O Maracanãzinho testemunhou na noite de 17 de janeiro uma das viradas mais espetaculares da história da Superliga Feminina. O Sesc Flamengo, que perdia por 14-10 no tiebreak contra o Praia Clube, conquistou seis pontos consecutivos para fechar o set em 16-14 e empatar a série semifinal em 1-1. A façanha ocorreu diante de mais de 10 mil torcedores que presenciaram uma recuperação estatisticamente improvável.
A matemática cruel dos match-points
Os números demonstram a magnitude da recuperação flamenguista. Perder quatro match-points consecutivos em um tiebreak representa uma probabilidade estatística inferior a 3% em competições de alto nível. A ponteira norte-americana Payton Caffrey, maior pontuadora da partida com 23 acertos, havia dominado os primeiros quatro sets com aproveitamento de 61% em ataques, mas foi completamente neutralizada nos pontos decisivos do tiebreak.
A análise dos dados do SportNavo revela que o Flamengo registrou apenas 31% de aproveitamento no bloqueio durante os dois primeiros sets, enquanto nos três sets finais este fundamento saltou para impressionantes 71%. A mudança tática de Bernardinho no posicionamento das centrais Masa Kirov e Vivian foi determinante para essa transformação defensiva.

Kirov assume protagonismo no momento crucial
A central búlgara Masa Kirov, eleita melhor em quadra, protagonizou a reviravolta tática do Flamengo.

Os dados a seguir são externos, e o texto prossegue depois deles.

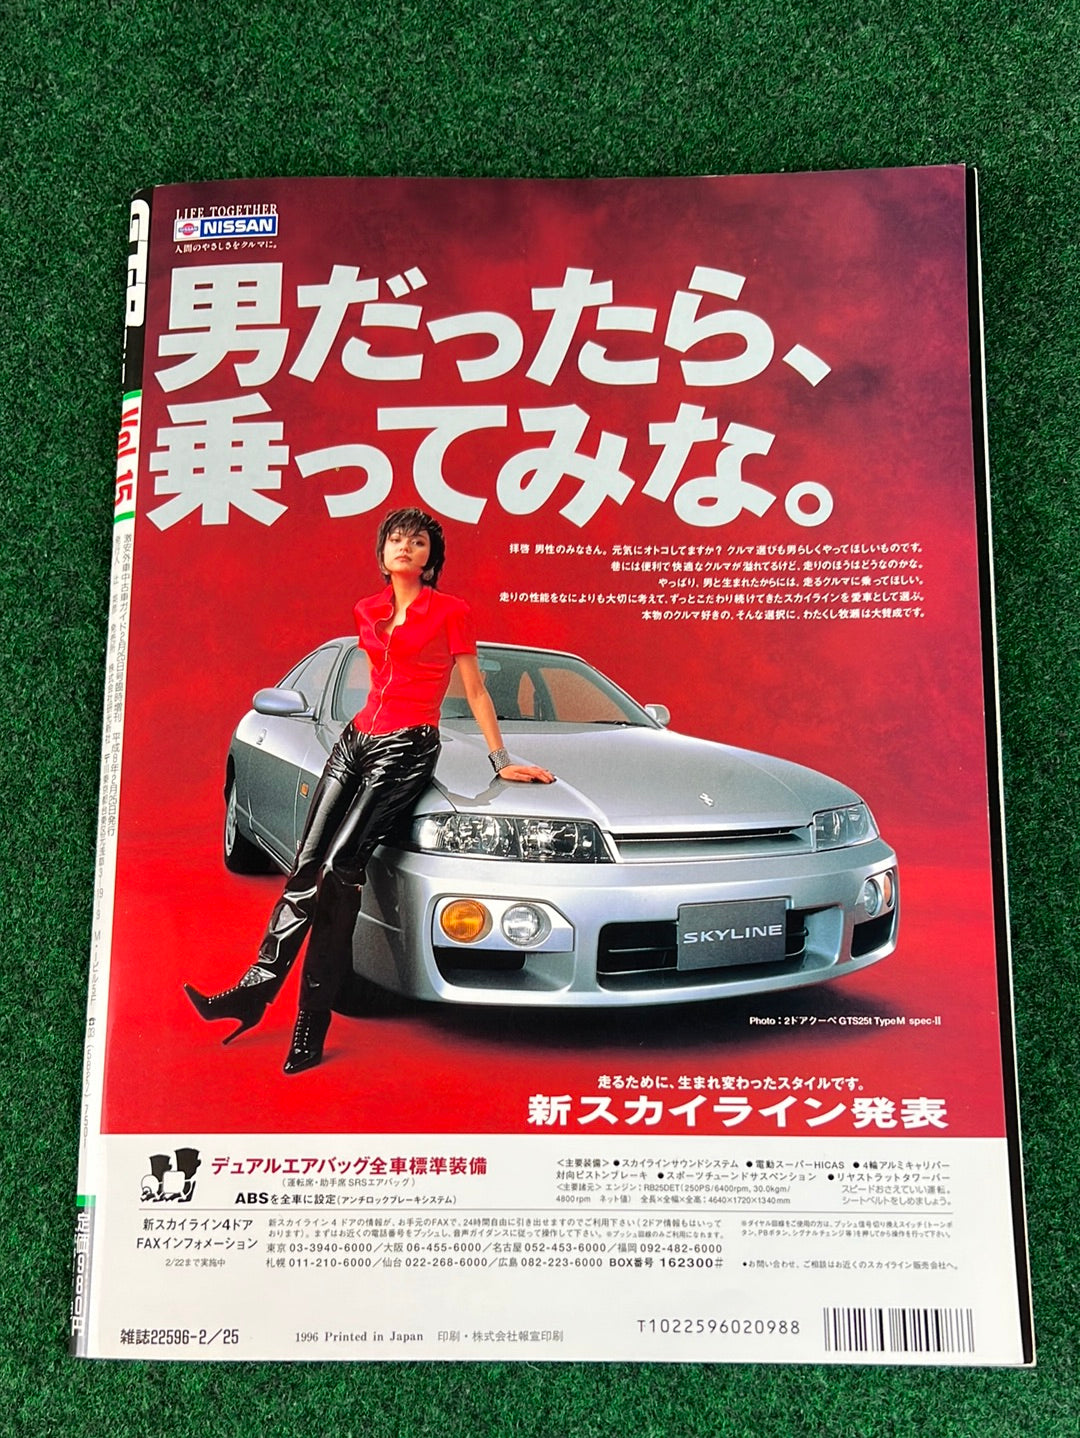 GT-R Club Magazine - Vol. 15

Nos pontos finais do tiebreak, Kirov executou três bloqueios diretos sobre Caffrey e registrou dois bloqueios duplos com Vivian que mudaram completamente a dinâmica da partida. O técnico Bernardinho ajustou o sistema defensivo no 14-10, posicionando as centrais mais próximas às extremidades para cortar as diagonais favoritas da ponteira americana.
Caffrey, que vinha convertendo 58% dos ataques nas zonas 2 e 4 durante o jogo, despencou para apenas 12% de aproveitamento nos últimos seis pontos. A estratégia flamenguista de dupla marcação com Kirov antecipando o timing e Simone Lee fechando o meio da rede anulou completamente as principais armas ofensivas do Praia Clube.

Comparativo histórico de viradas na Superliga
Esta recuperação do Flamengo iguala-se às maiores viradas da Superliga Feminina desde 2010. A última vez que uma equipe reverteu quatro match-points em semifinal ocorreu na temporada 2018/19, quando o Minas Tênis Clube superou o Rexona-Ades no Ginásio do Riacho. Estatisticamente, apenas 14 partidas nos últimos 15 anos da competição registraram recuperações similares a partir de 14-10 no tiebreak.
O aproveitamento defensivo do Flamengo no quinto set (84% de defesas positivas) representa o melhor índice da equipe na temporada em sets decisivos. Comparando com o primeiro confronto da série em Uberlândia, onde o time carioca registrou apenas 52% no mesmo fundamento, a evolução é notável e reflete o trabalho tático implementado por Bernardinho entre os jogos.
Impacto psicológico para o jogo decisivo
A recuperação histórica no Maracanãzinho gera um fator psicológico determinante para o confronto decisivo de 24 de janeiro. O Praia Clube, que dominou amplamente os dois primeiros sets com parciais de 25-23 e 25-22, viu uma vantagem confortável se transformar em trauma coletivo. Michelle Pavão e Adenízia, pilares ofensivos da equipe mineira, registraram quedas bruscas de rendimento após o 14-10, com aproveitamentos de apenas 23% e 18% respectivamente nos pontos finais.
Helena, jovem ponteira de 21 anos que entrou no segundo set, consolidou-se como peça fundamental no esquema tático de Bernardinho. Seus 12 pontos nos três sets finais, incluindo dois aces decisivos no tiebreak, demonstram a profundidade do elenco flamenguista em momentos de pressão extrema.
O terceiro e decisivo confronto acontece na próxima sexta-feira, novamente no Maracanãzinho. O Flamengo precisa manter o aproveitamento defensivo acima de 70% para neutralizar o poder ofensivo de Caffrey e conquistar a vaga na final da Superliga Feminina 2024/25 contra Minas ou Osasco.